Parliament of South Africa
- Long title Act to provide for the establishment, maintenance, management and control of university colleges for non-white persons; for the admission of students to and their instruction at university colleges; for the limitation of the admission of non-white students to certain university institutions; and for other incidental matters. ;
- Citation: Act No. 45 of 1959
- Enacted by: Parliament of South Africa
- Royal assent: 11 June 1959
- Commenced: 21 June 1959
- Repealed: 30 June 1988

Repealed by
- Tertiary Education Act, 1988

= Extension of University Education Act, 1959 =

South African law

The Extension of University Education Act, Act 45 of 1959, formed part of the apartheid system of racial segregation in South Africa. This act made it a criminal offense for a non-white student to register at a formerly open university without the written permission of the Minister of Internal Affairs. New universities were then established for various non-white groups.

==Background==
Prior to the passing of the University Education Act, in 1958, students classified as Black, Asian, or Coloured accounted for only 17% of the students in white universities. From 1959 there were few options for non-whites. The University of Fort Hare was open to Xhosa speakers, the University of Natal's medical school was given an exemption to admit only non-whites and University of South Africa (UNISA), a correspondence university, was open to all races. The emphasis now was also to separate the non-whites, classifying them to universities based on certain ethnic groups. New universities were opened.

The University of the Western Cape (1959) was established in Bellville for coloureds, the University of Zululand (1960) at Ngoye was created in Zululand for Zulus. The University College for Indians (1972) was established at Durban in Natal Province after the establishment of University College for Indians in 1961, the University of the North (1959) at Turfloop in the Transvaal for the Sotho-Tswanans, while Fort Hare, the former Lovedale Mission College, became "Lovedale College" and restricted to Xhosas.

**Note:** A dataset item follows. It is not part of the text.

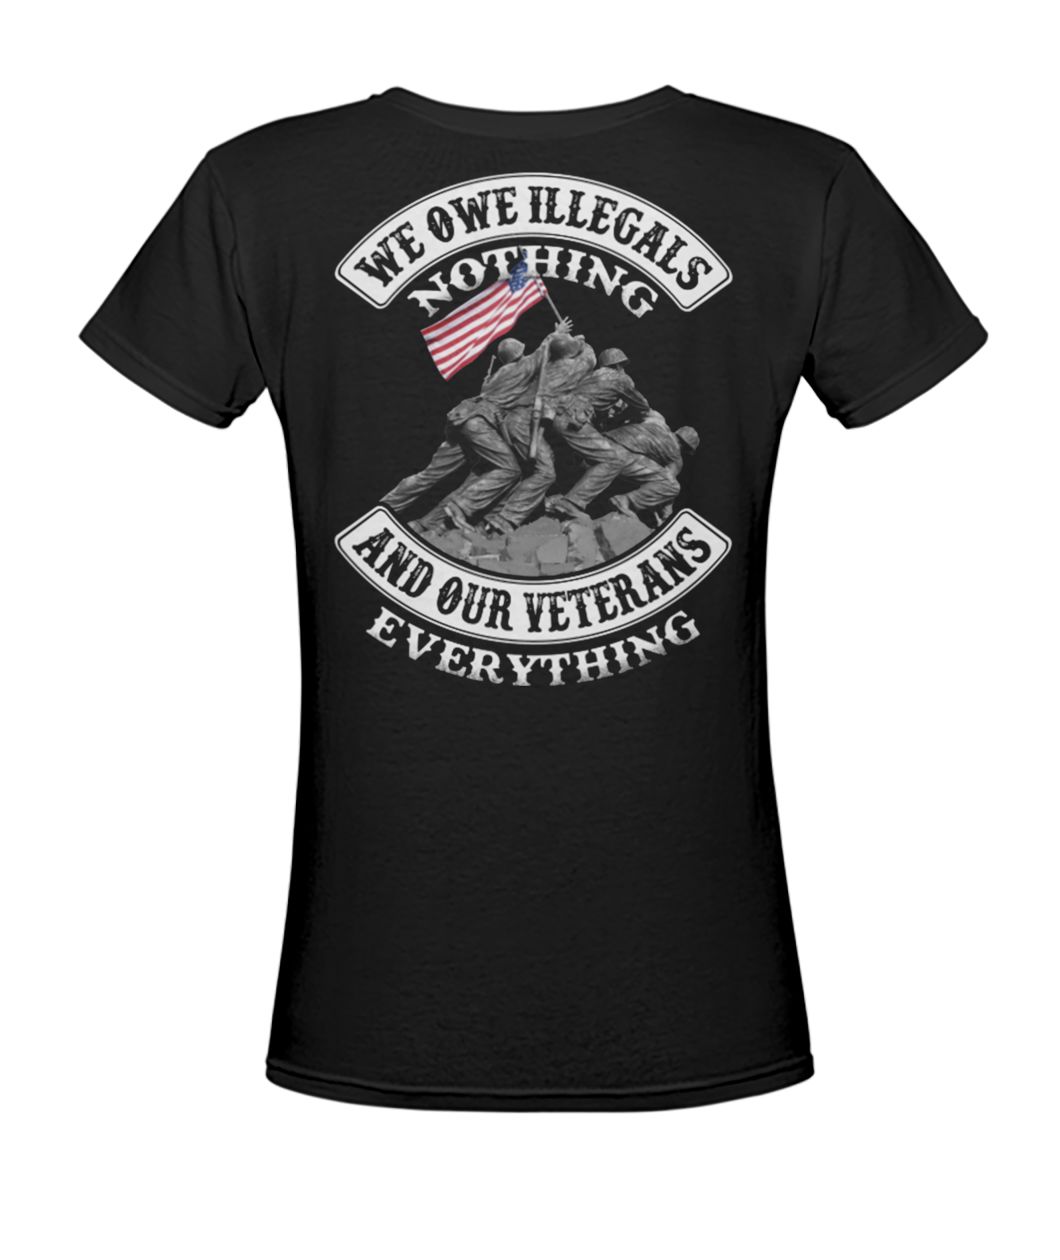 We owe illegals nothing we owe our veterans everything women's v-neck
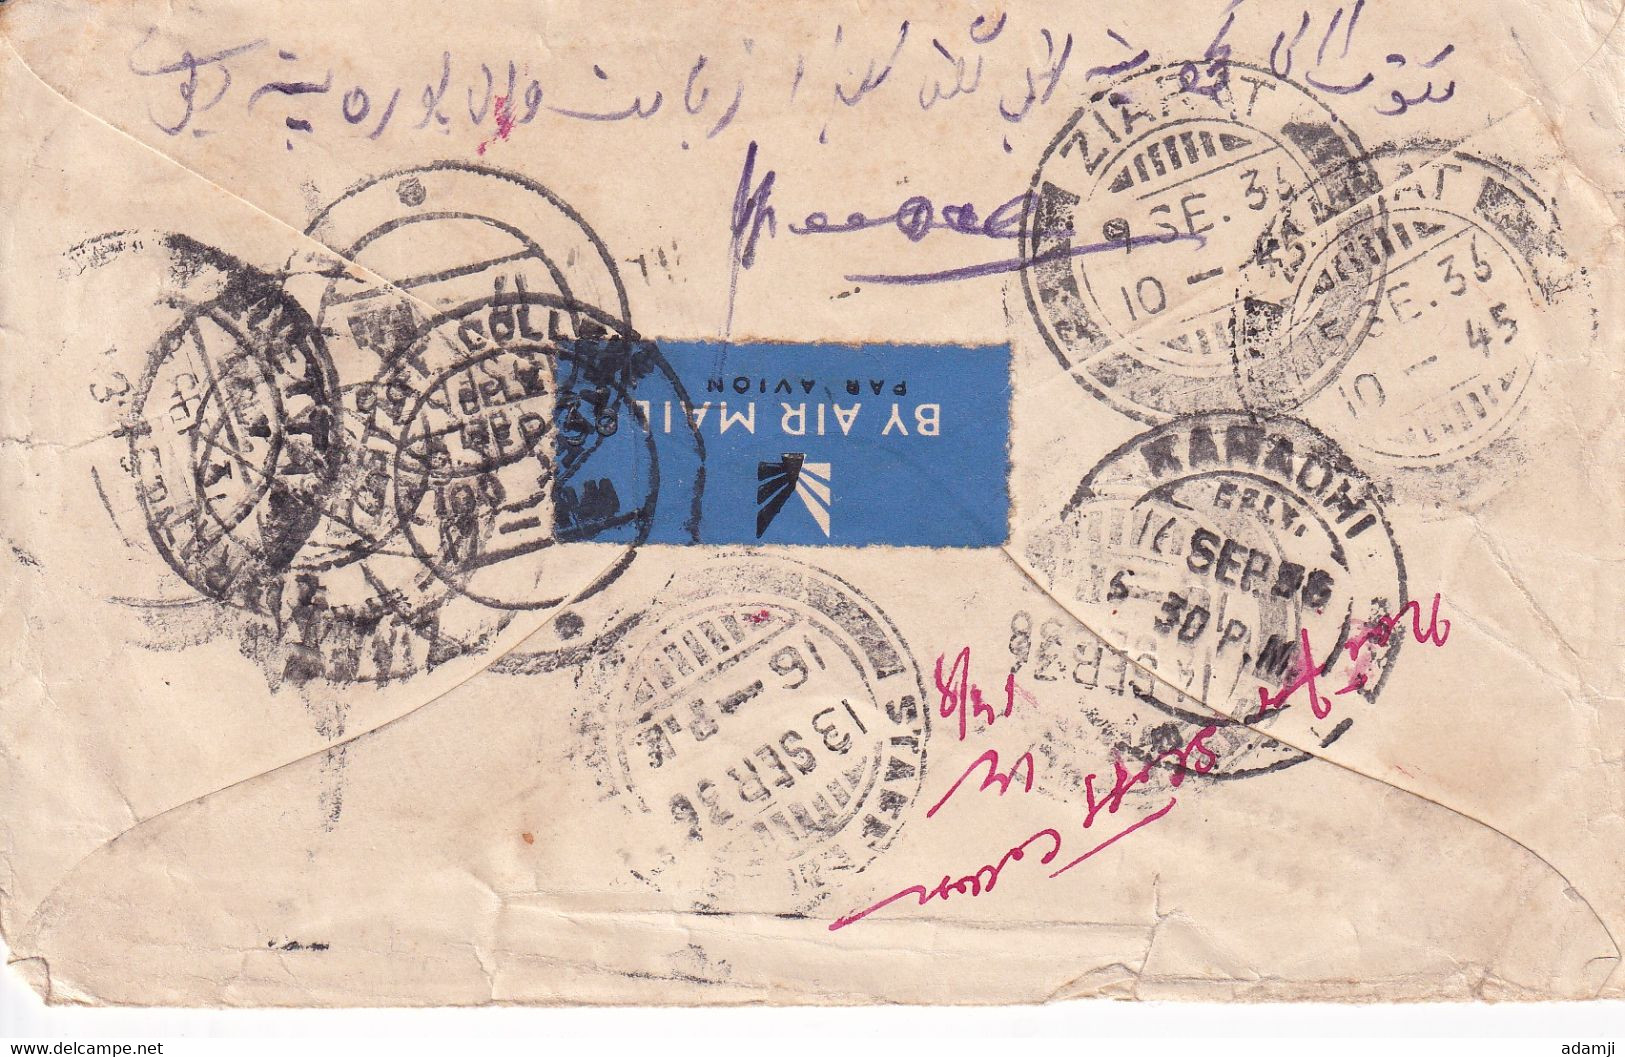 GREAT BRITAIN 1936 EDWARD VIII COVER TO INDIA (BALUCHISTAN Now PAKISTAN) VIA MULTPLE CITIES POSTMARK RARE. - Covers & Documents

By 1974, the legislation had achieved what it had intended and only 2% of students registered in the country were attending a university that was not of their own ethnicity. Apartheid also extended to staffing, with white academics employed only at white universities but staffing mixed at non-white universities.

Because of the Bantustan policy of Apartheid, the newly established Black homelands needed their own universities but usually affiliated to an existing Black university inside South Africa. The University of Transkei opened in 1976, University of Venda (1982) and the University of Bophuthatswana (1978). In the urban areas of South Africa proper, further Black higher educational institutions were opened to cater for the increasing population such as the Medical University of South Africa outside Pretoria in 1976 and the Vista University in Soweto in 1983.

In 1979, the laws governing ethnicity at Black universities was abolished and students could attend any Black university. In 1985, universities were allowed to enrol any race at their educational facilities.

==Repeal==
The act was repealed by the Tertiary Education Act, 1988.